Ibecbarcelona.EU [en línea] Barcelona (ESP): ibecbarcelona.EU, 25 de septiembre de 2014 [REF. 03 de septiembre de 2014] Available on Internet: http://NOTICIAS-DE-INVESTIGACION/scientist-develop-first-light-operated-drug-for-most-common-target-proteins.html www.ibecbarcelona.eu/



Engineering new bone growth

22 09 2014

Coated tissue scaffolds help the body grow new bone to repair injuries or congenital defects.

 

MIT chemical engineers have devised a new implantable tissue scaffold coated with bone growth factors that are released slowly over a few weeks. When applied to bone injuries or defects, this coated scaffold induces the body to rapidly form new bone that looks and behaves just like the original tissue.

 

Pictured is a scanning electron micrograph of a porous, nanostructured poly(lactic-co-glycolic acid) (PLGA) membrane. The membrane is coated with a polyelectrolyte (PEM) multilayer coating that releases growth factors to promote bone repair. Image courtesy of Nasim Hyder and Nisarg J. Shah

Pictured is a scanning electron micrograph of a porous, nanostructured poly(lactic-co-glycolic acid) (PLGA) membrane. The membrane is coated with a polyelectrolyte (PEM) multilayer coating that releases growth factors to promote bone repair. Image courtesy of Nasim Hyder and Nisarg J. Shah

 

 

 

 

 

 

 

 

 

 

 

 

 

 

 

 

This type of coated scaffold could offer a dramatic improvement over the current standard for treating bone injuries, which involves transplanting bone from another part of the patient’s body — a painful process that does not always supply enough bone. Patients with severe bone injuries, such as soldiers wounded in battle; people who suffer from congenital bone defects, such as craniomaxillofacial disorders; and patients in need of bone augmentation prior to insertion of dental implants could benefit from the new tissue scaffold, the researchers say.

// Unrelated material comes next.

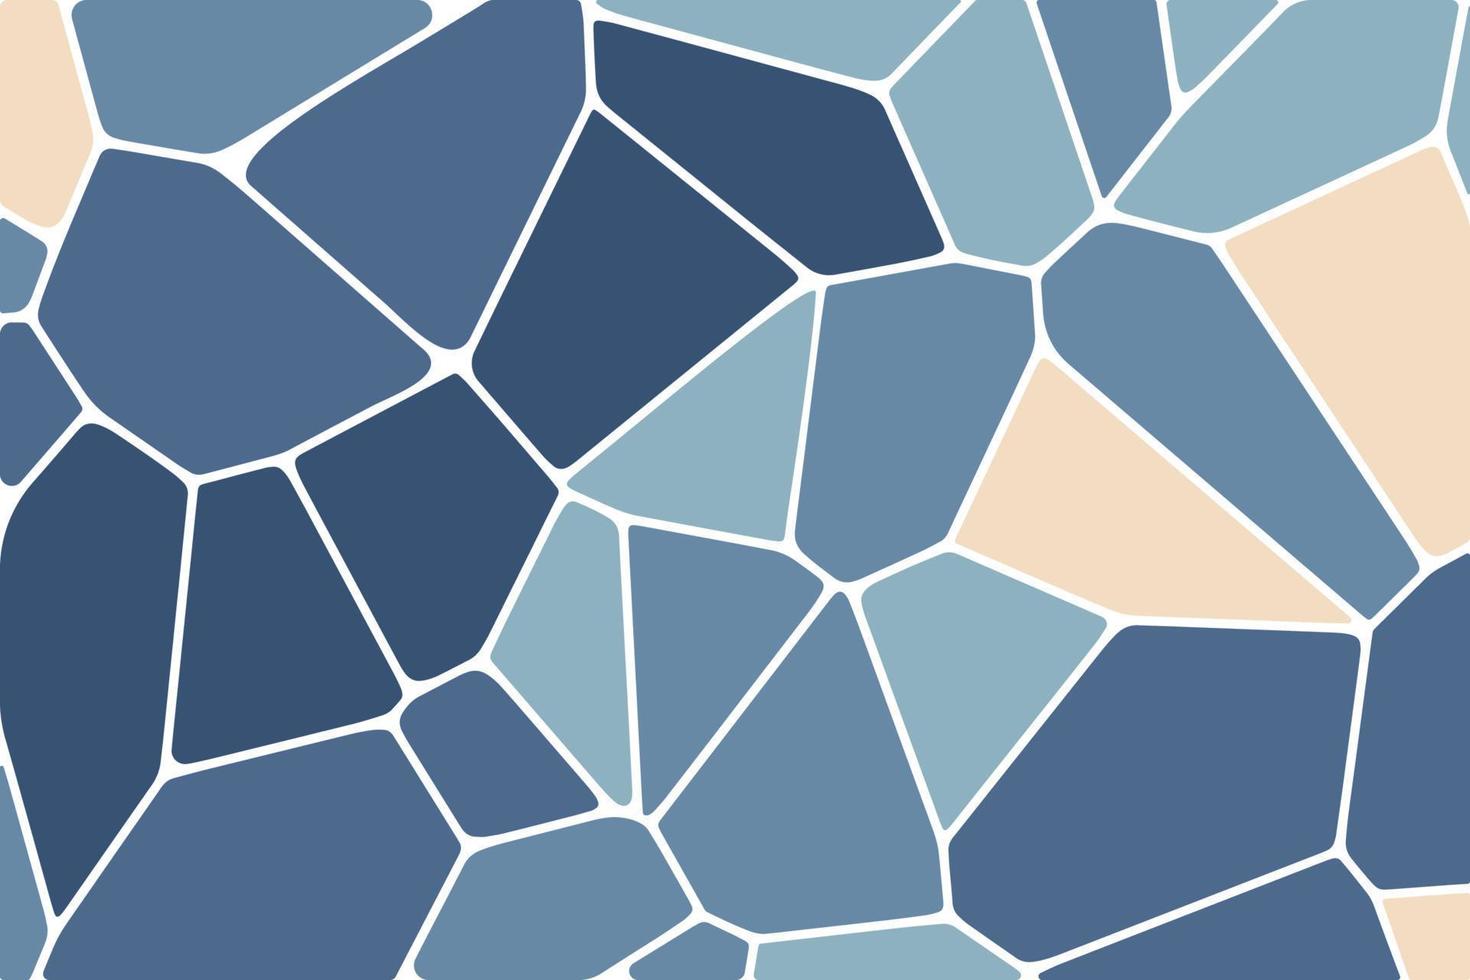 Clean and modern broken shapes geometric illustration. Abstract blue Voronoi diagram background design vector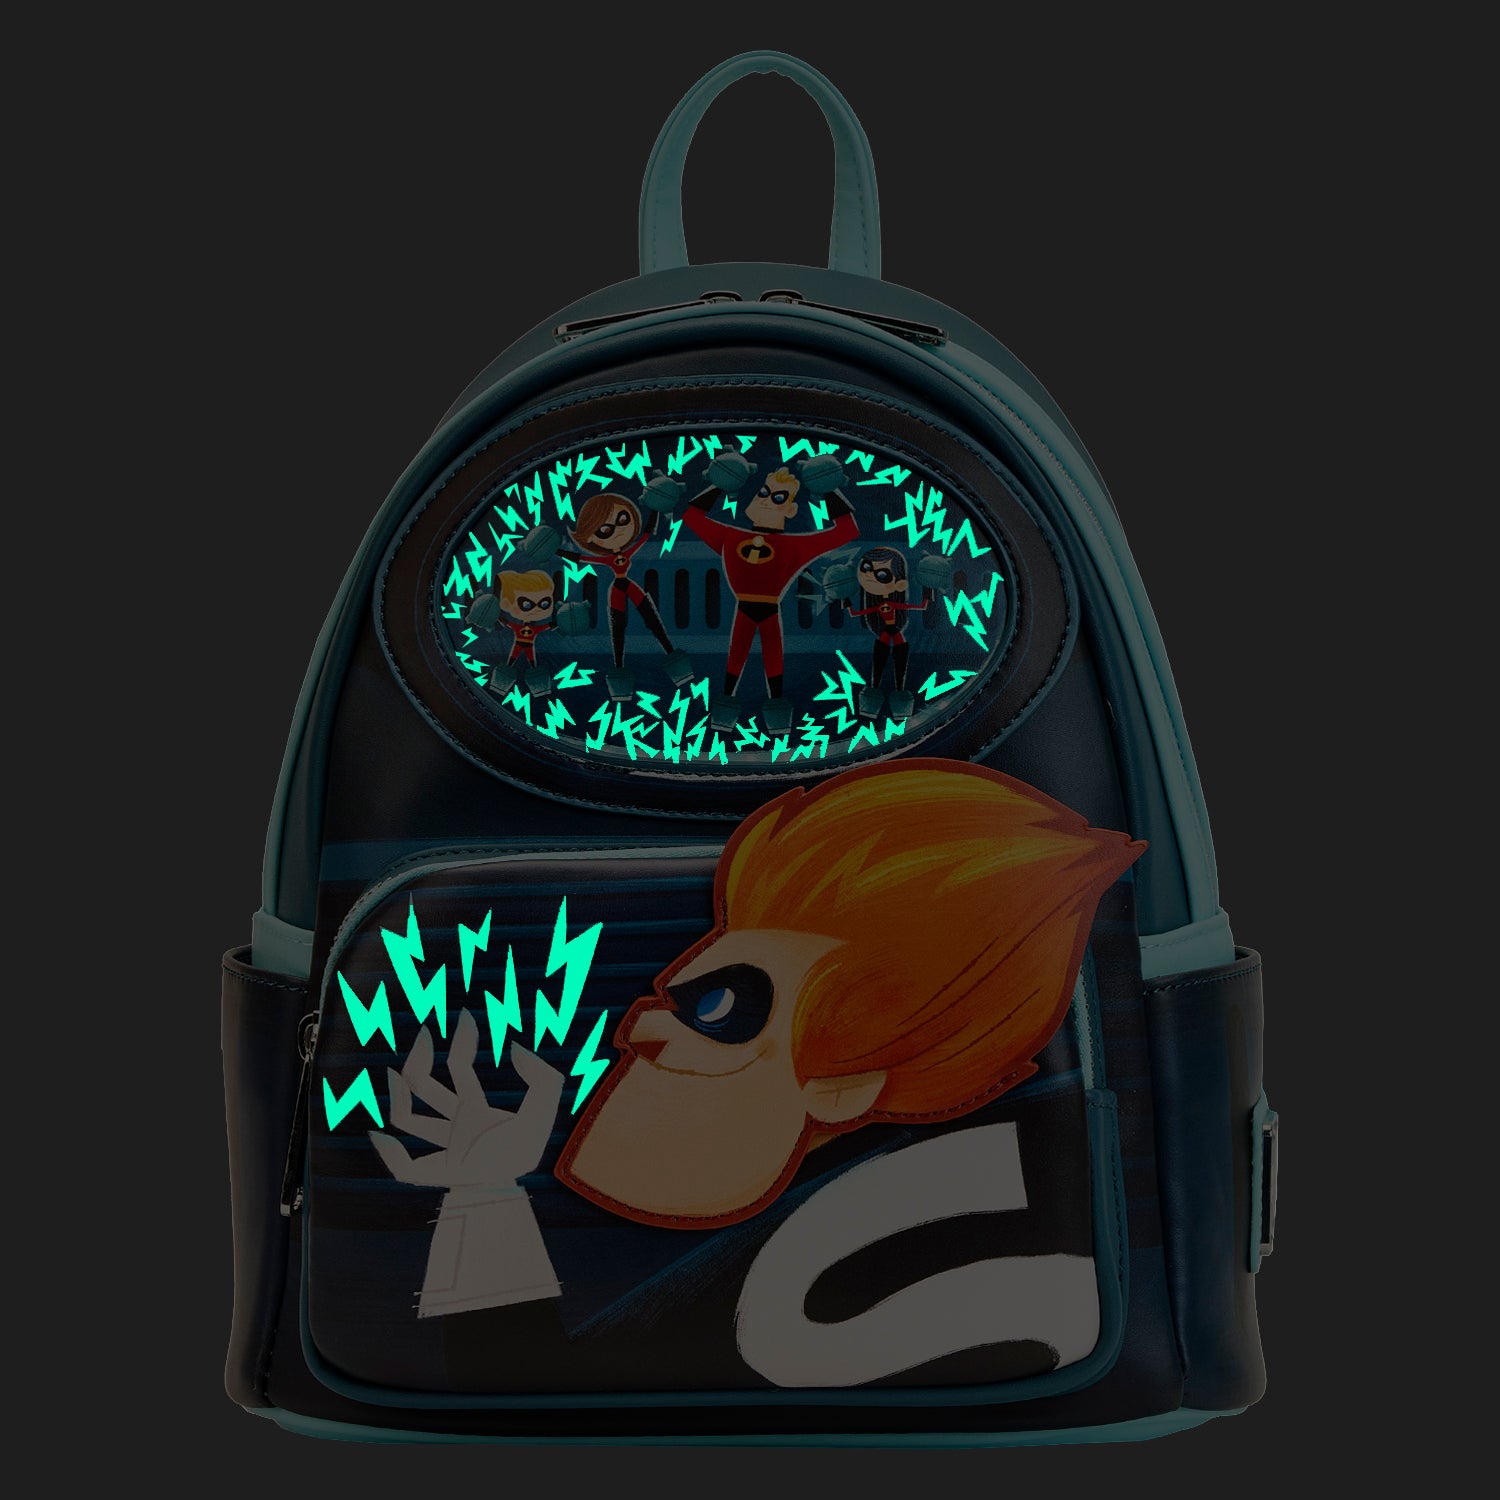 Pixar | Incredibles Moment Syndrome Mini Backpack

“It’s been a truly challenging medical problem, and we have tried to provide one way to address that problem,” says Nisarg Shah, a recent PhD recipient and lead author of the paper, which appears in the Proceedings of the National Academy of Sciences this week.

Paula Hammond, the David H. Koch Professor in Engineering and a member of MIT’s Koch Institute for Integrative Cancer Research and Department of Chemical Engineering, is the paper’s senior author. Other authors are postdocs M. Nasim Hyder and Mohiuddin Quadir, graduate student Noémie-Manuelle Dorval Courchesne, Howard Seeherman of Restituo, Myron Nevins of the Harvard School of Dental Medicine, and Myron Spector of Brigham and Women’s Hospital.

 

Stimulating bone growth

Two of the most important bone growth factors are platelet-derived growth factor (PDGF) and bone morphogenetic protein 2 (BMP-2). As part of the natural wound-healing cascade, PDGF is one of the first factors released immediately following a bone injury, such as a fracture. After PDGF appears, other factors, including BMP-2, help to create the right environment for bone regeneration by recruiting cells that can produce bone and forming a supportive structure, including blood vessels.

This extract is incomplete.